Miles's smile twisted. So that's the pinnacle of your ambition, too, Sergeant? he inquired silently. 'Not too soon, I trust.'

Bothari snorted. 'Of course not. She's only …' He paused, the creases deepening between his narrow eyes. 'Time's gone by …' his mutter trailed off.

Miles negotiated the steps successfully, and entered Vorkosigan House, bracing for relatives. The first was to be his mother, it seemed; that was no problem. She appeared at the foot of the great staircase in the front hall as the door was opened for him by a uniformed servant-cum-guard. Lady Vorkosigan was a middle-aged woman, the fiery red of her hair quenched by natural grey, her height neatly disguising a few extra kilos weight. She was breathing a bit heavily; probably had run downstairs when he was spotted approaching. They exchanged a brief hug. Her eyes were grave and unjudgemental.

'Father here?' he asked.

'No. He and Minister Quintillian are down at headquarters, arm-wrestling with the General Staff about their budget this morning. He said to give you his love and tell you he'd try to be here for lunch.'

'He, ah—hasn't told Grandfather about yesterday yet, has he?'

'No—I really think you should have let him, though. It's been rather awkward this morning.'

'I'll bet.' He gazed up at the stairs. It was more than his bad legs that made them seem mountainous. Well, let's get the worst over with first… 'Upstairs, is he?'

'In his rooms. Although he actually took a walk in the garden this morning, I'm glad to say.'

'Mm.' Miles started working his way upstairs.

'Lift tube,' said Bothari.

'Oh, hell, it's only one flight.'

'Surgeon said you're to stay off them as much as possible.'

Miles's mother awarded Bothari an approving smile, which he acknowledged blandly with a murmured, 'Milady.' Miles shrugged grudgingly and headed for the back of the house instead.

'Miles,' said his mother as he passed, 'don't, ah … He's very old, he's not too well, and he hasn't had to be polite to anybody in years—just take him on his own terms, all right?'

'You know I do.' He grinned ironically, to prove how unaffected he proposed to be.

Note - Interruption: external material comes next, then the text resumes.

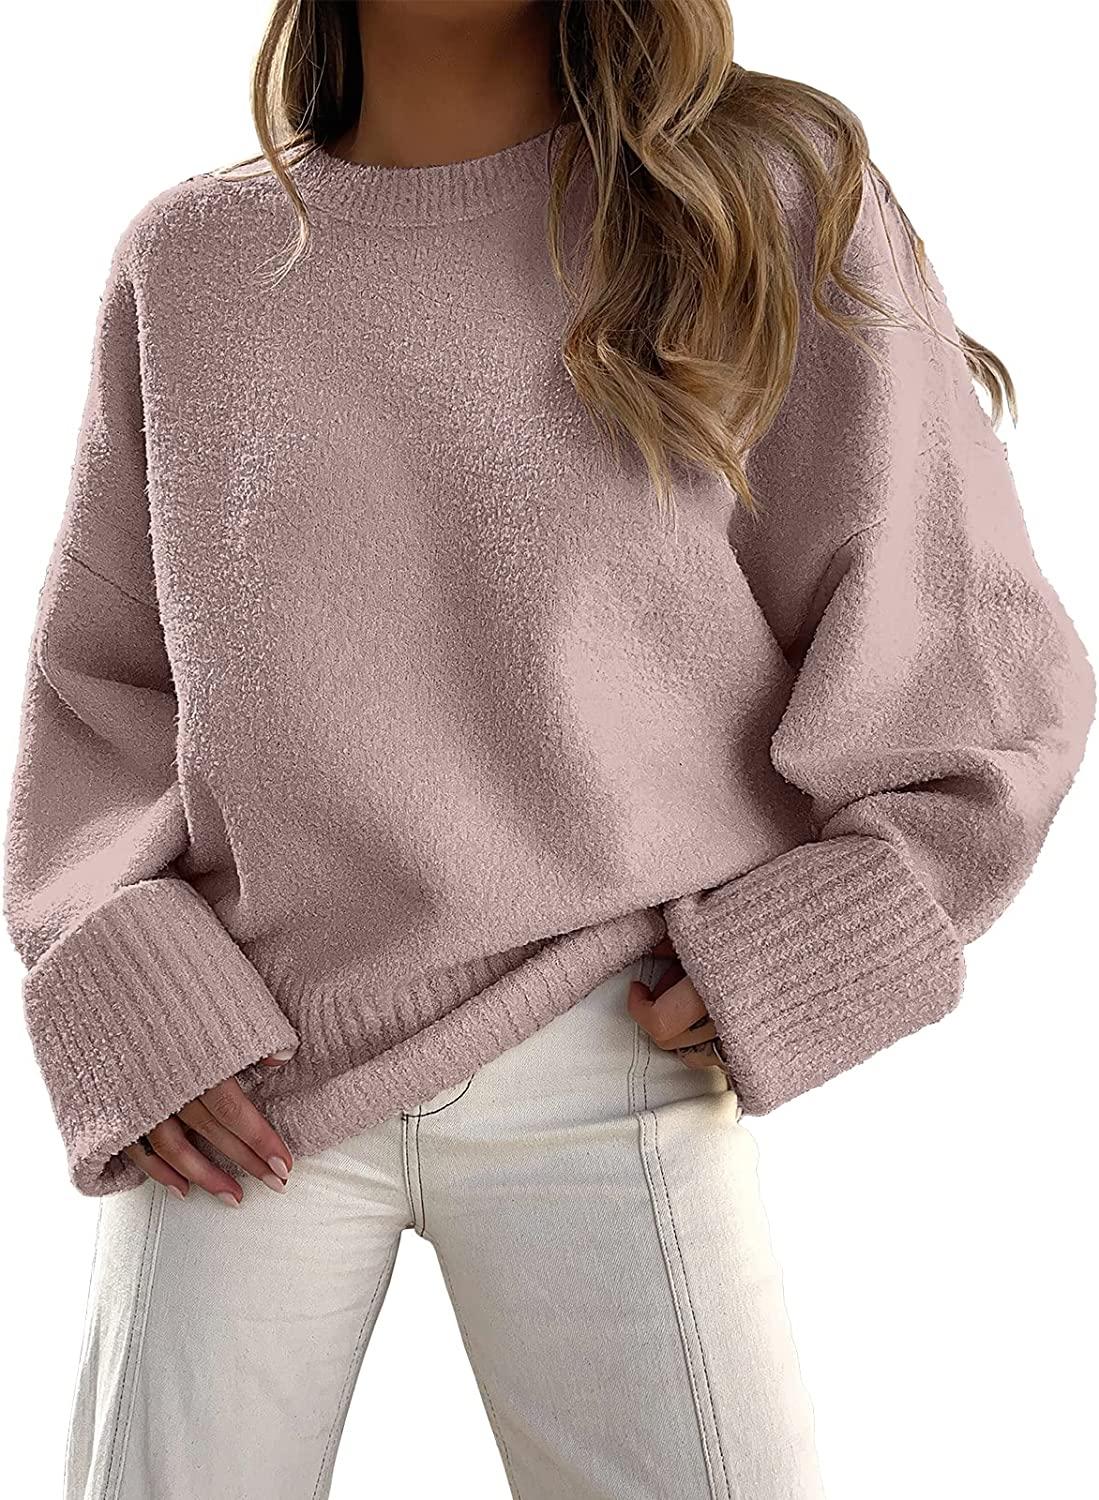 Women's Fuzzy Knit Long Sleeve Sweater by ANRABESS - Fall Fashion, Crew  Neck, Loose Fit, Chunky Knit, Warm Cashmere Pullover at  Women's  Clothing store

Her lips curved in return, but her eyes remained grave.

He met Elena Bothari, coming out of his grandfather's chambers. His bodyguard greeted his daughter with a silent nod, and won for himself one of her rather shy smiles.

For the thousandth time Miles wondered how such an ugly man could have produced such a beautiful daughter. Every one of his features was echoed in her face, but richly transmuted. At eighteen she was tall, like her father, fully six feet to his six-and-a-half; but while he was whipcord lean and tense, she was slim and vibrant. His nose a beak, hers an elegant aquiline profile; his face too narrow, hers with the air of some perfectly bred aristocratic sight-hound, a borzoi or a greyhound. Perhaps it was the eyes that made the difference; hers were dark and lustrous, alert, but without his constantly shifting, unsmiling watchfulness. Or the hair; his greying, clipped in his habitual military burr, hers long, dark, straight-shining. A gargoyle and a saint, by the same sculptor, facing each other across some ancient cathedral portal.

Miles shook himself from his trance. Her eyes met his briefly, and her smile faded. He straightened up from his tired slouch and produced a false smile for her, hoping to lure her real one back. Not too soon. Sergeant . . .

'Oh, good, I'm so glad you're here,' she greeted him. 'It's been gruesome this morning.'

'Has he been crotchety?'

'No, cheerful. Playing Strat-O with me and paying no attention—do you know, I almost beat him? Telling his war stories and wondering about you—if he'd had a map of your course, he'd have been sticking pins in it to mark your imaginary progress … I don't have to stay, do I?'

'No, of course not.'

Elena twitched a relieved smile at him, and trailed off down the corridor, casting one disquieted look back over her shoulder.

Miles took a breath, and stepped across General Count Piotr Vorkosigan's inner threshold.

CHAPTER TWO

The old man was out of bed, shaved and crisply dressed for the day. He sat up in a chair, gazing pensively out the window overlooking his back garden. He glanced up with a frown at the interrupter of his meditations, saw that it was Miles, and smiled broadly.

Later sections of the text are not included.